Some important factors from "Concepts of Programming Languages (global edition) 11ed. - Robert W. Sebesta"

:Chapter 6

⬥FORTRAN: array & COBOL: record

⬥primitive data types(4): integer, float, boolean, character

⬥string operations: assignment, catenation, substring reference, comparison, pattern matching.

⬥3 approaches to supporting the dynamic allocation and deallocation for dynamic length strings

-linked list

-store strings as arrays of pointers to individual characters allocated in the heap

-store complete strings in adjacent storage

⬥2 types of structures(array, record) & tuple type/associative arrays

⬥purpose of pointers: indirect addressing, dynamic storage(dynamic variables in heap)

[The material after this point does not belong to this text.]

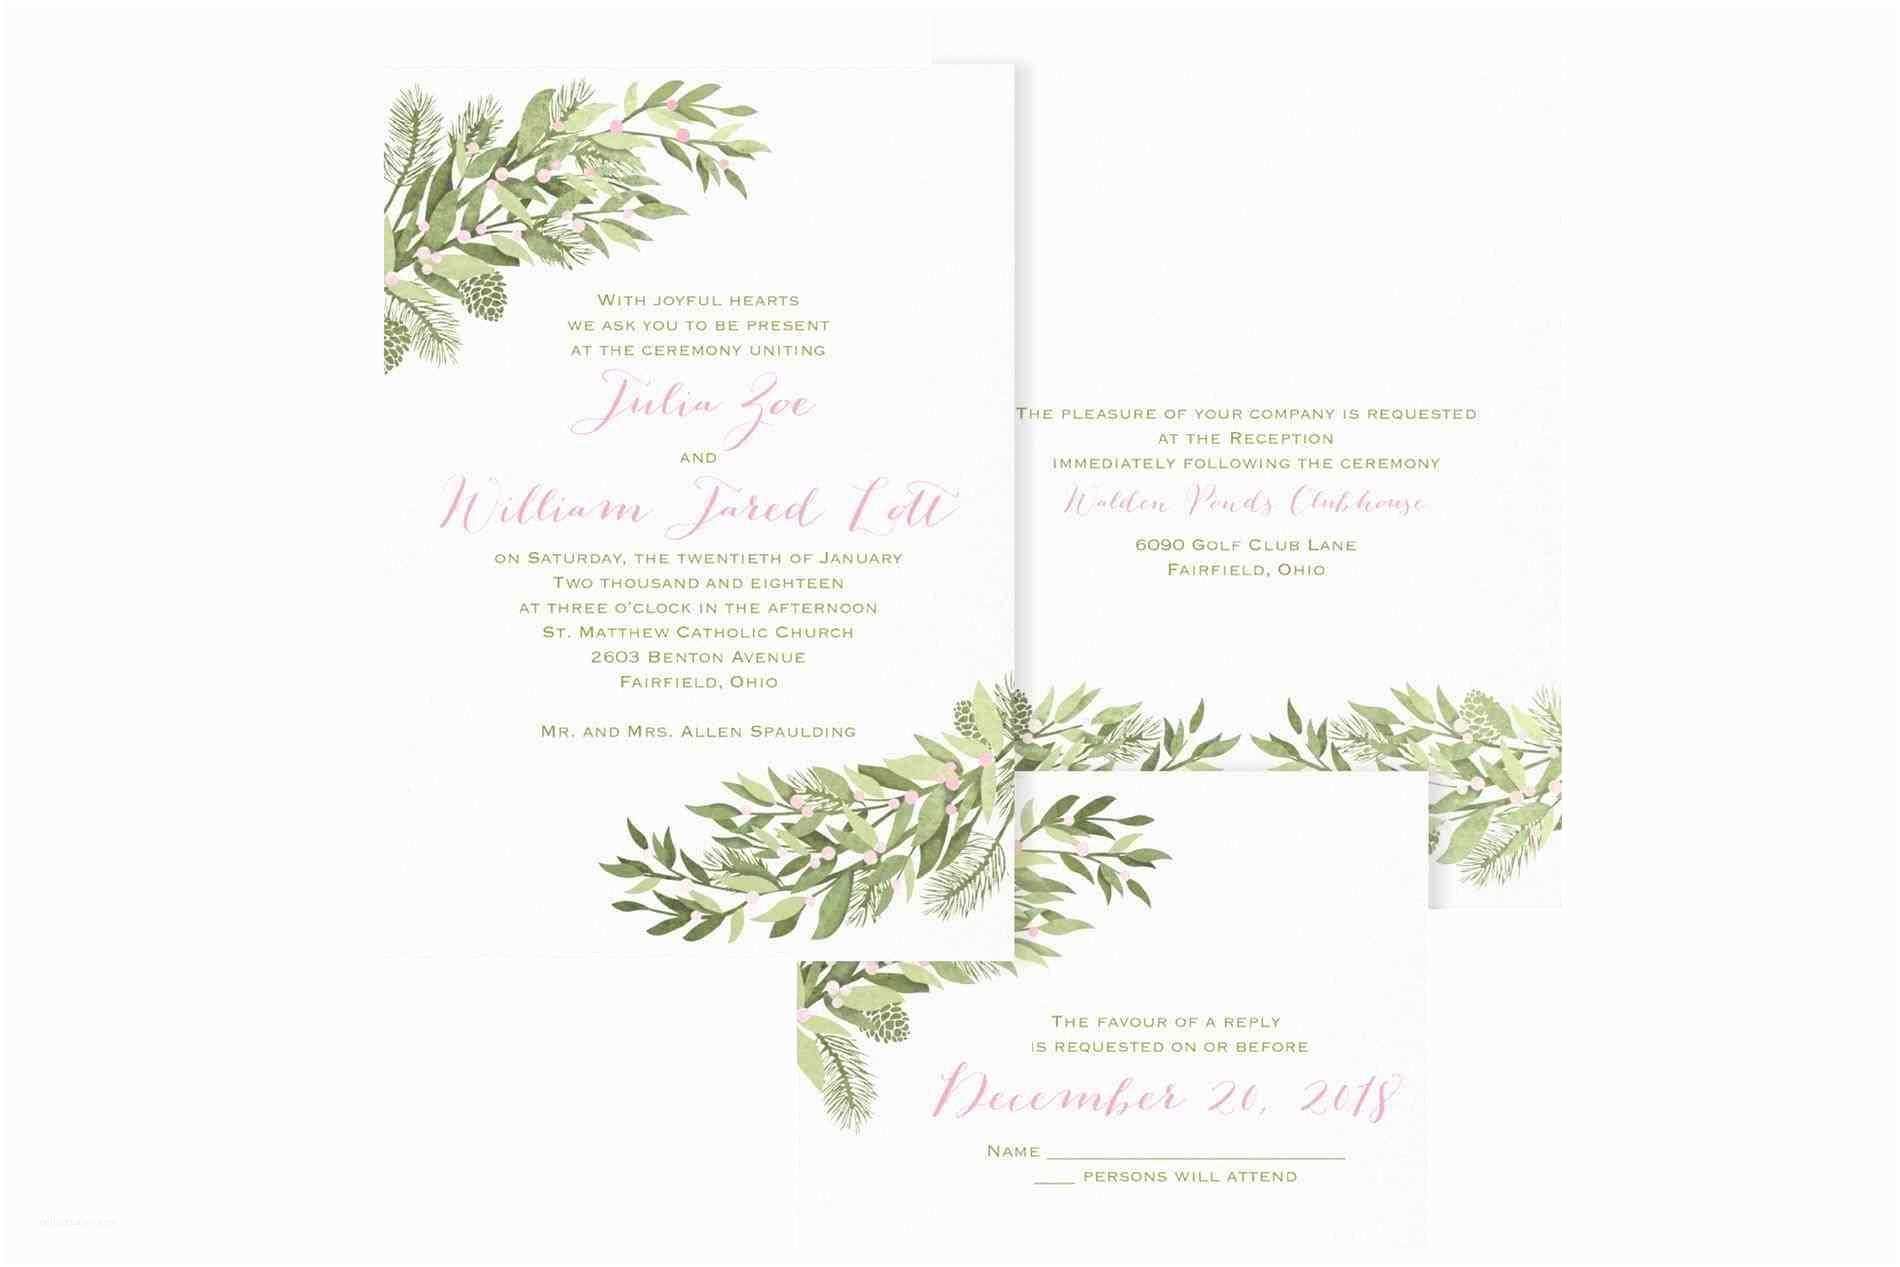 Wedding Invitation Images Unique Winter Wedding Invitations

⬥garbage(p.302): an allocated heap-dynamic variable that is no longer accessible to the user program

⬥memory leakage: The first heap-dynamic variable is now inaccessible, or lost

⬥dangling pointer: a pointer that contains the address of a heap-dynamic variable that has been deallocated.

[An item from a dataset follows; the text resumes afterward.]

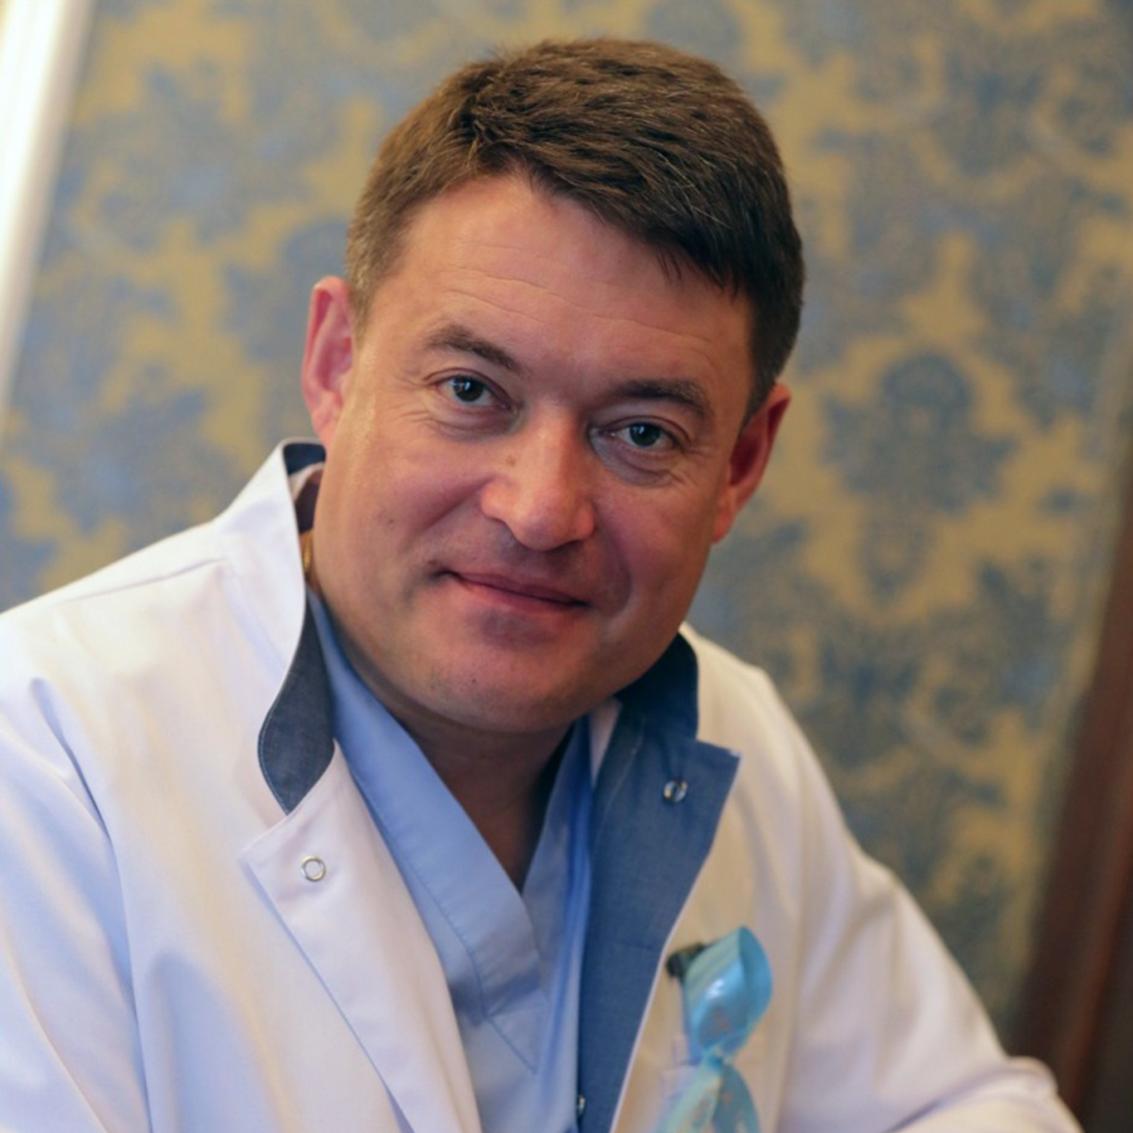 На приеме у русского доктора

⬥eager approach(if count=0, retrieve immediately) VS lazy approach(if count=0, leave it and retreive later if short on memory)

⬥Casting(explicit type conversion) VS Coercion(implicit/automatic type conversion)

⬥strongly typed(make it compatible through casting=Java, C#) VS weakly typed(coersion=C)

⬥name type equivalance(stronger) VS structure type equivalence

⬥A data type defines a set of values and a collection of operations on those values. A type system is a set of types and the rules that govern their use in programs. Every typed programming language defines a type system.(p.317) 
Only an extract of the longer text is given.